I knew that when you would see the circuit, you could spot immediately the error!

The problems with simulators is that, if one does not model them correctly, totally erroneous answers will occur. For instance, all audio generators are mostly 50 ohm, others 600 ohm. But in a simulator, sources are essentially zero output impedance. They will supply 1000 amps if one is not careful with the circuit.
 
It is easy to make the source impedance anything you want.

The transistor has a high impedance output so it needs a high impedance load.
I simulated the circuit without the 1 ohm load and found that the base resistor ratio was completely wrong. I fixed it then I needed to reduce the input to 1.75V peak instead of 5V peak. My load was capacitor-coupled with a 0.22uf capacitor to a 33k ohms load.
 
Thank you all,
[/U] The capacitor is there to block the DC and move the signal up in voltage to a range where the amplifier can work.

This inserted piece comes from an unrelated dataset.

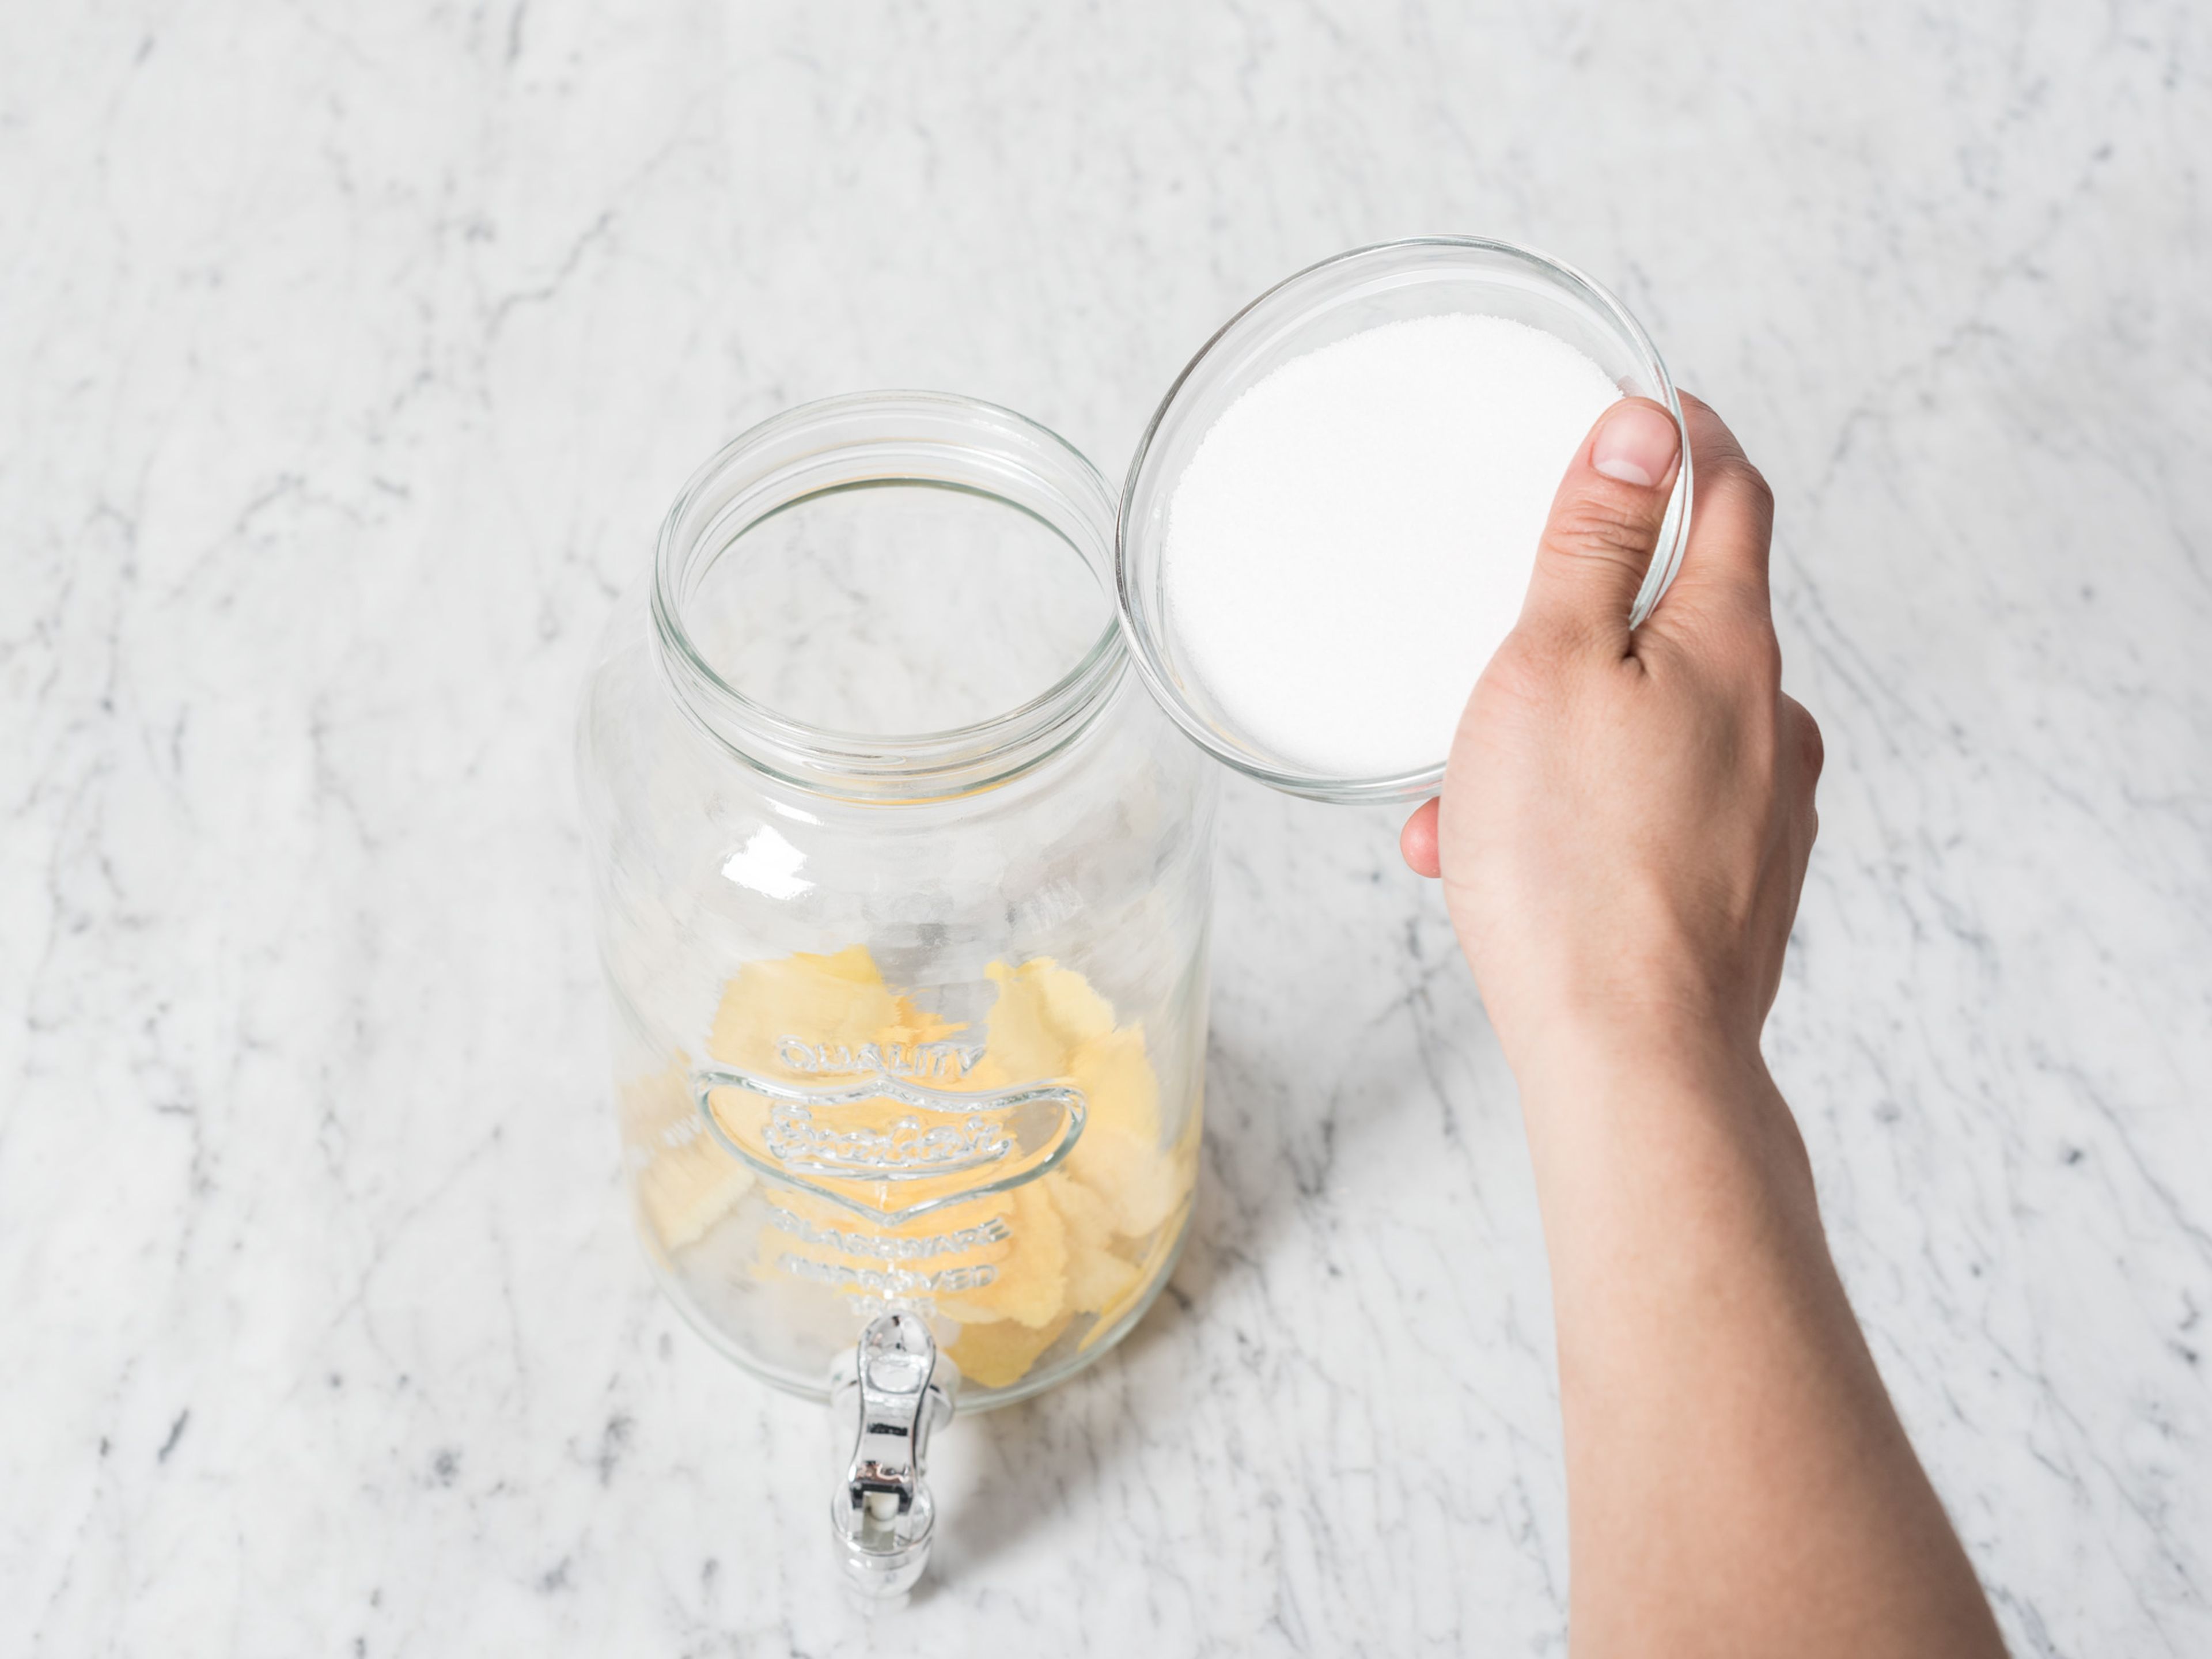 Die Schale von 2/3 der Zitronen schälen. Alle Zitronen auspressen. Zitronenschalen und Zucker in einen großen Krug geben und ca. 15 Min. stehen lassen.
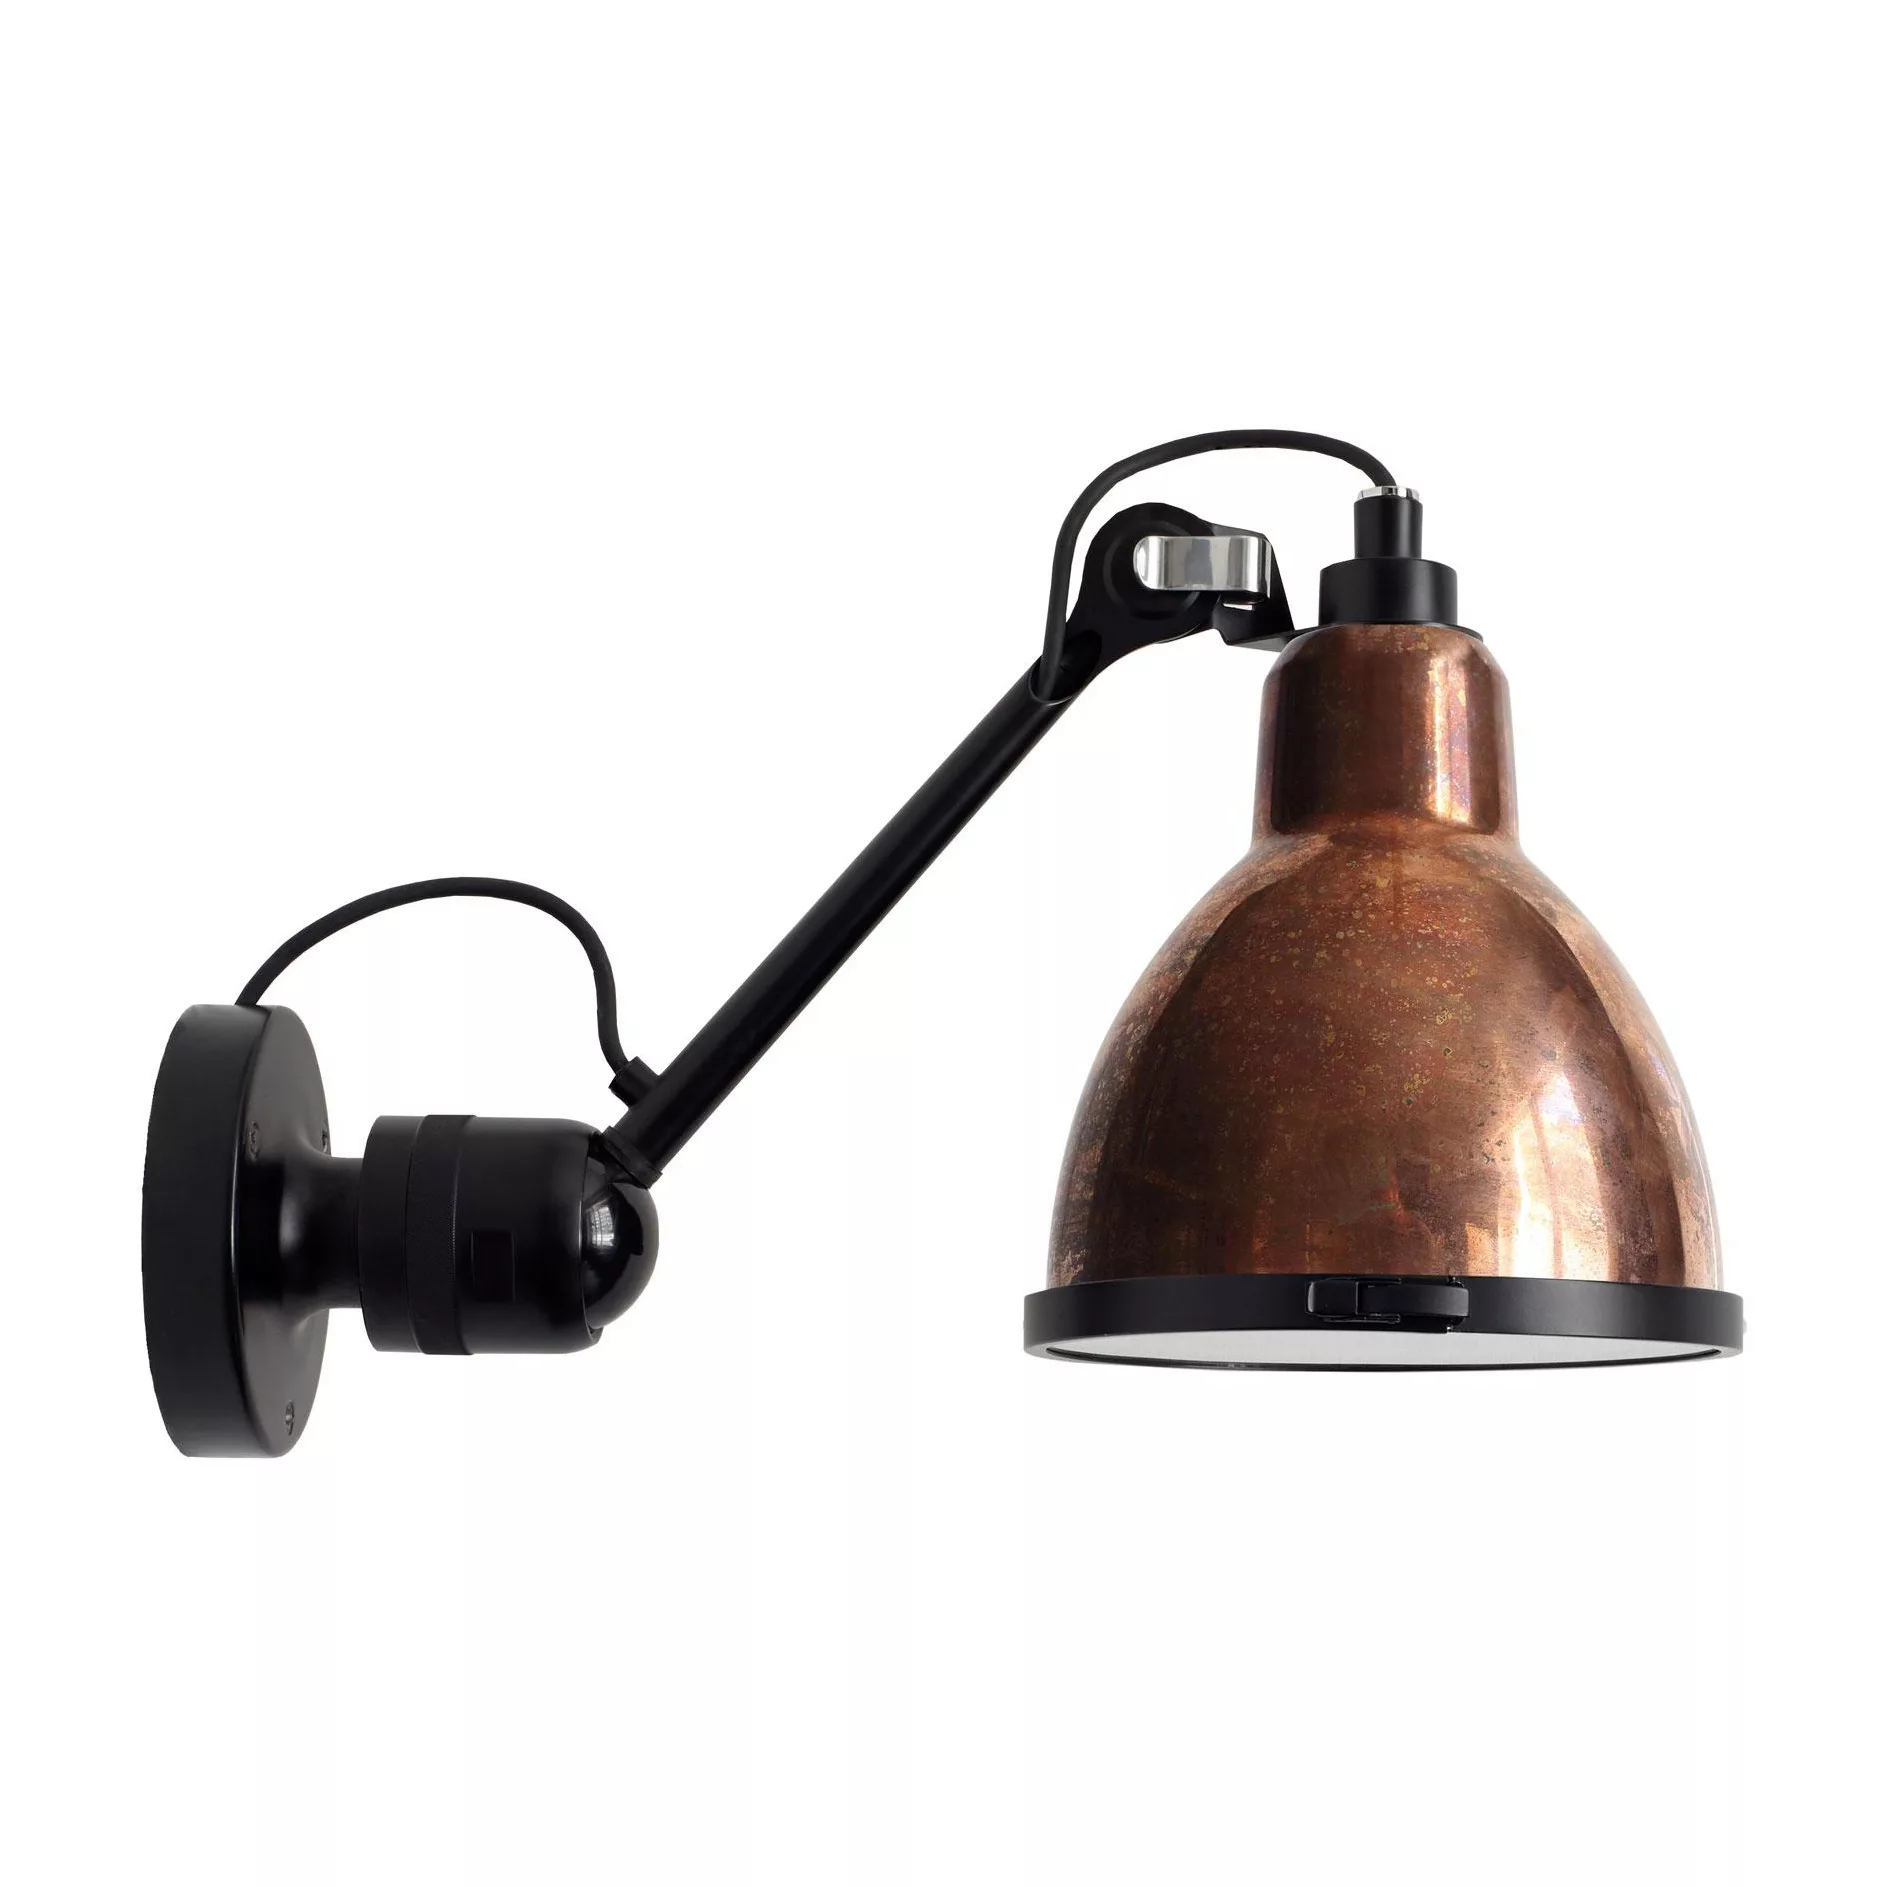 DCW - Lampe Gras N°304 XL Außenwandleuchte - kupfer/BxH 30,4x22cm günstig online kaufen

You mean the capacitor needs to be there to block the supply dc from setting up a voltage across the AC signal supply? And by "moving up the voltage", you mean by creating a voltage drop across the collector resistor R1?
 
Since V2 is 5V peak and R5 is 1Ω, with C1 shorted out the peak theoretical current flow via the collector-base diode of Q1 will be ~ (5-0.7)/1 = 4.3A.
 
Since V2 is 5V peak and R5 is 1Ω, with C1 shorted out the peak theoretical current flow via the collector-base diode of Q1 will be ~ (5-0.7)/1 = 4.3A.
Your theory doesn't work when the base-collector diode current is extremely high.
The simulation shows that the forward voltage of the base-collector diode is 5.0V - 2.6V= 2.4V (!) which makes the current be 2.4A.
 
Your theory doesn't work when the base-collector diode current is extremely high.
It does for a theoretical transistor whose bc diode drop is independent of current (but not for a practical transistor) :D
 
A 1N4148 is a silicon diode that is similar to the base-collector diode of that tiny surface-mount transistor.
Its forward voltage is typically 0.7V when its current is only 5mA.
It can survive 1A for one second but the datasheet graph stops at 800mA when its forward voltage is typically 1.45V. It might be 2.4V or more at 2.6A.
Its maximum allowed current is 4A for a very short duration.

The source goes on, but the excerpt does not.